AIM OF THE TASK >> Could you write out the listing below exactly as it stands, leaving out the pictures?

GIVEN MATERIAL >>
┄┄┄┄┄┄┄┄┄┄

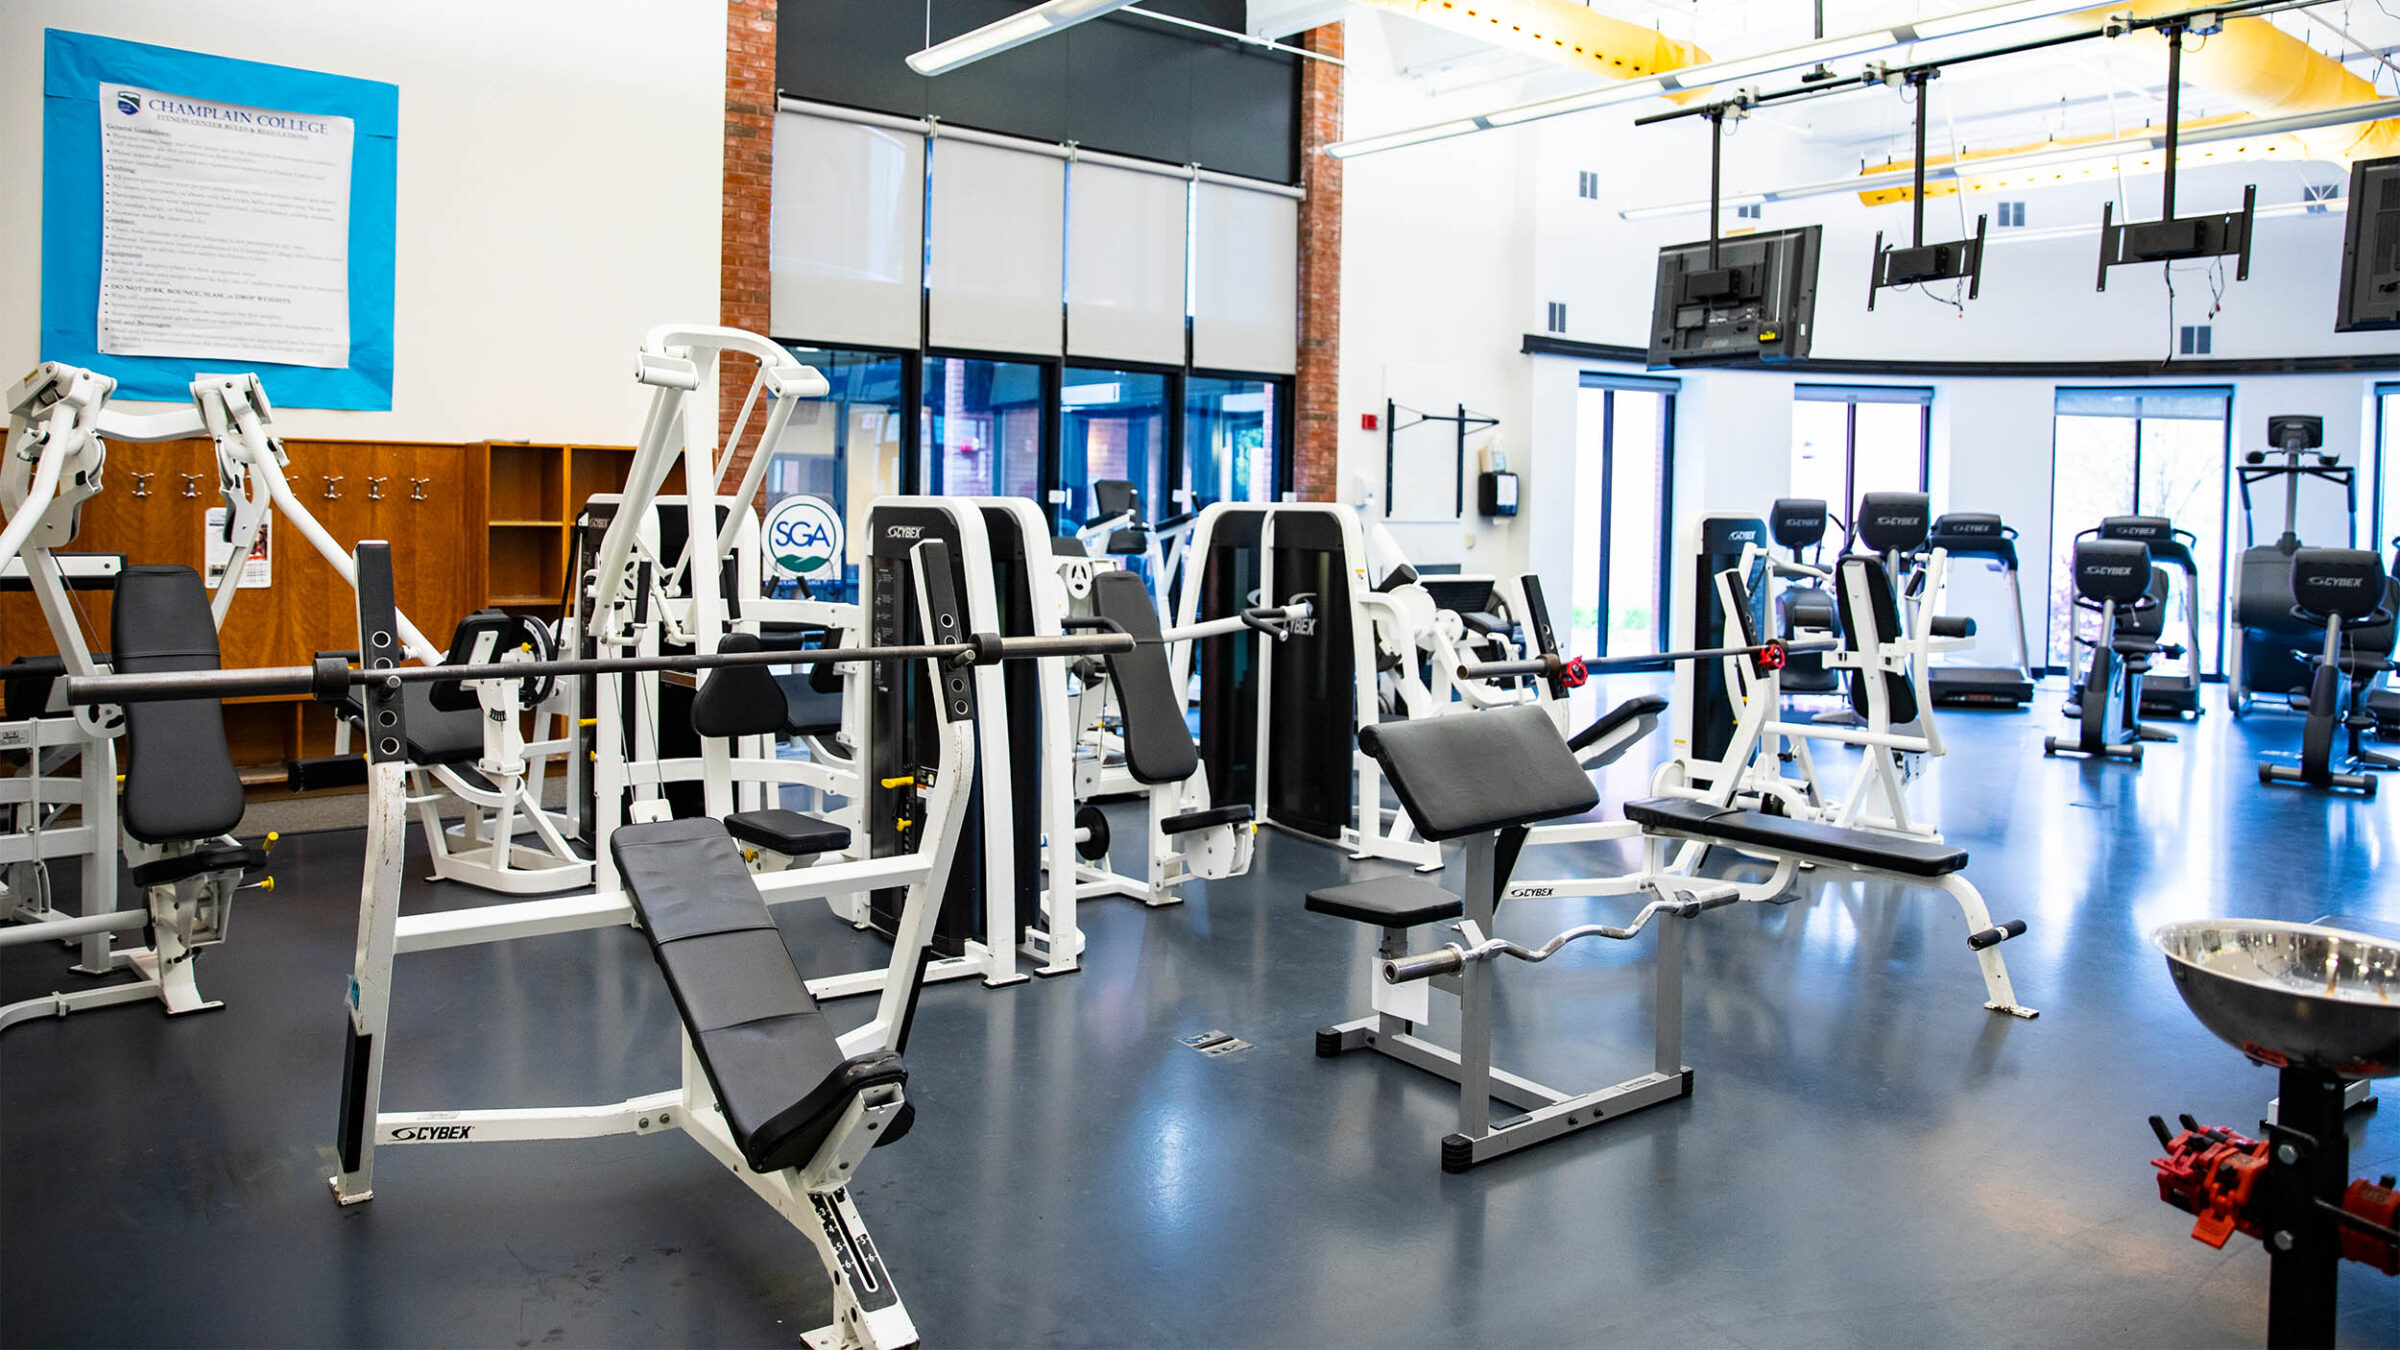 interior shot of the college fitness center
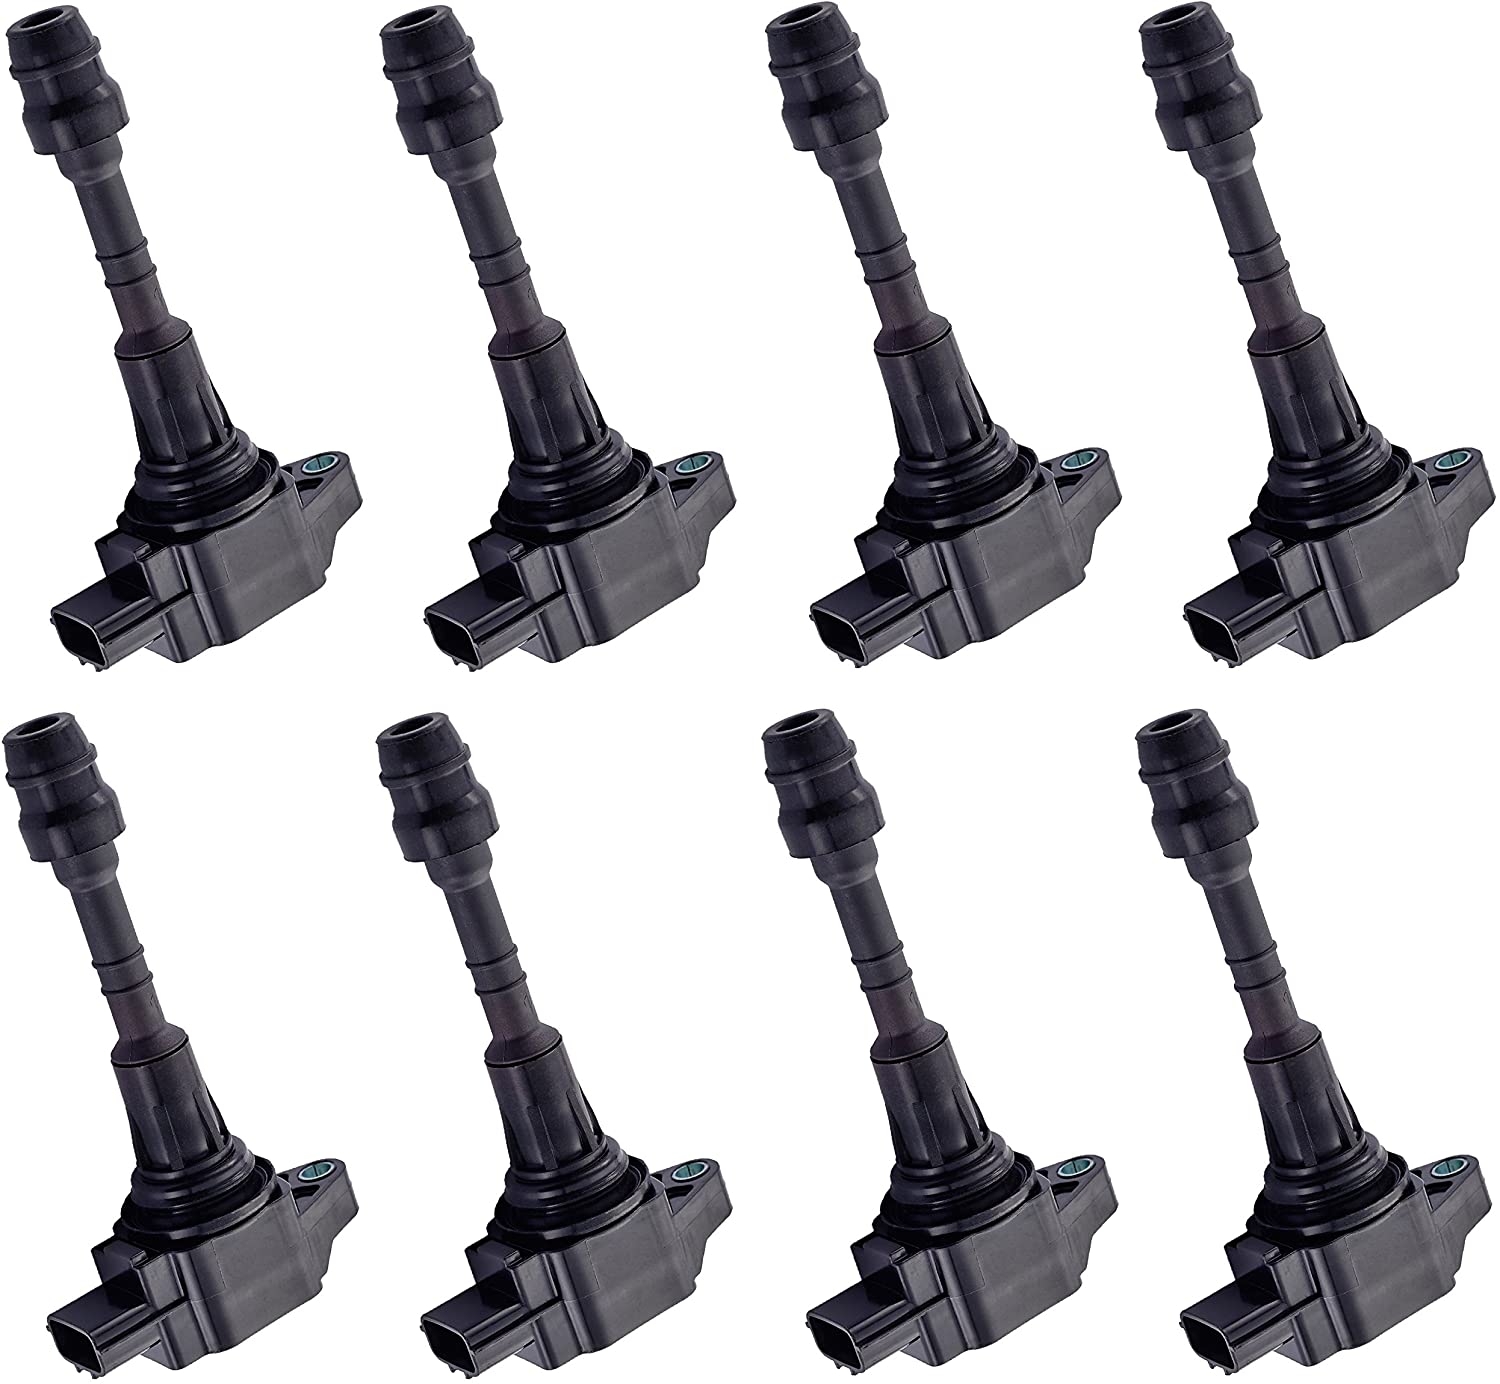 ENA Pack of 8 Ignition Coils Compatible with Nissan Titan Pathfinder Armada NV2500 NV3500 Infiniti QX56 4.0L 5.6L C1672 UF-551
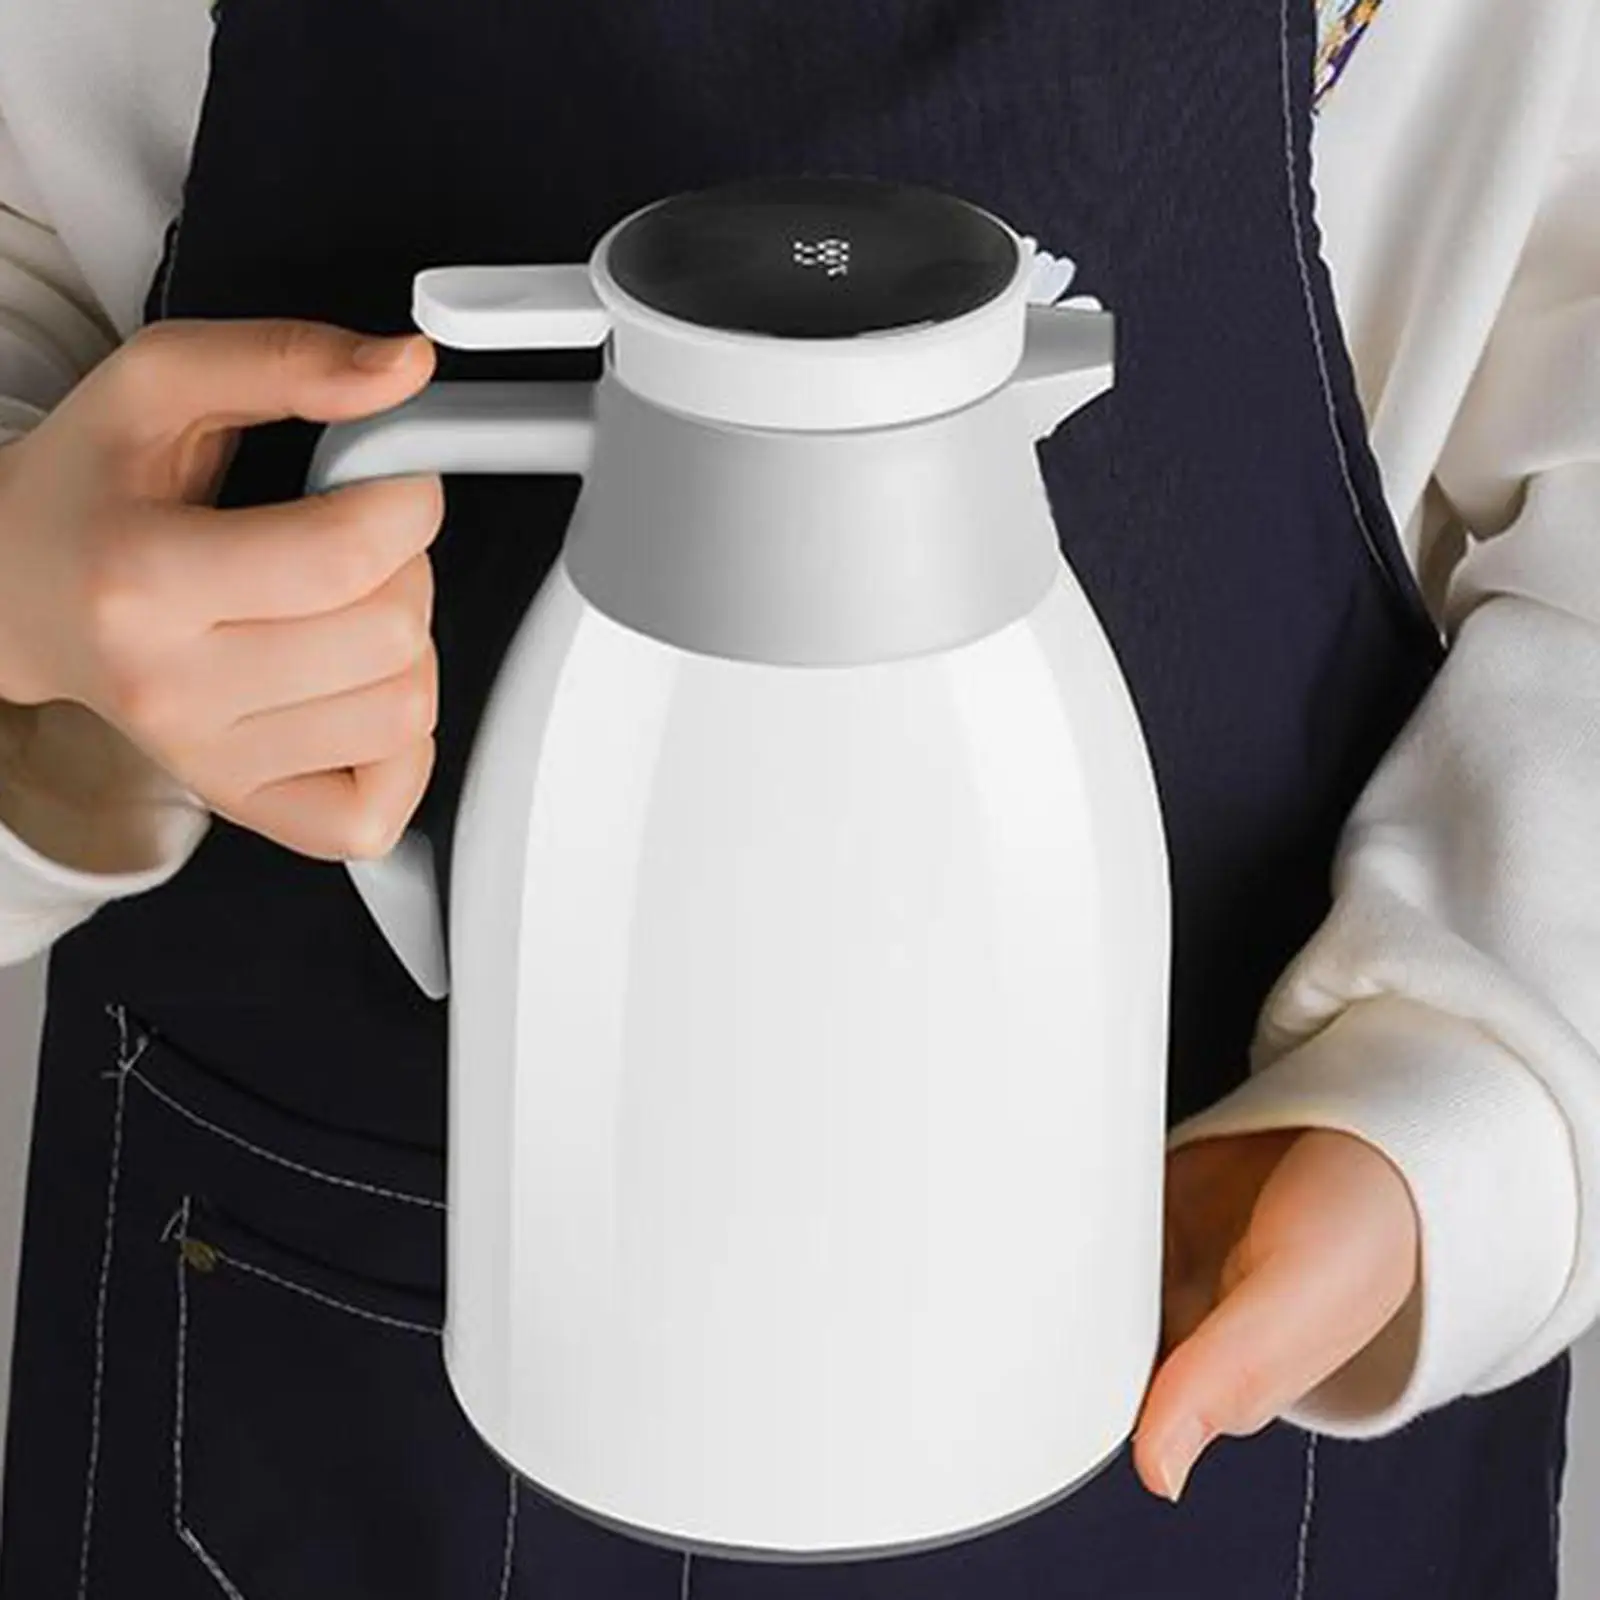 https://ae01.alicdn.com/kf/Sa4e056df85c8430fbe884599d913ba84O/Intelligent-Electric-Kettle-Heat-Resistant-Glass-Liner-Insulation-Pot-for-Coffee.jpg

┄┄┄┄┄┄┄┄┄┄

TASK RESULT >>
 interior shot of the college fitness center
 ENA Pack of 8 Ignition Coils Compatible with Nissan Titan Pathfinder Armada NV2500 NV3500 Infiniti QX56 4.0L 5.6L C1672 UF-551
 https://ae01.alicdn.com/kf/Sa4e056df85c8430fbe884599d913ba84O/Intelligent-Electric-Kettle-Heat-Resistant-Glass-Liner-Insulation-Pot-for-Coffee.jpg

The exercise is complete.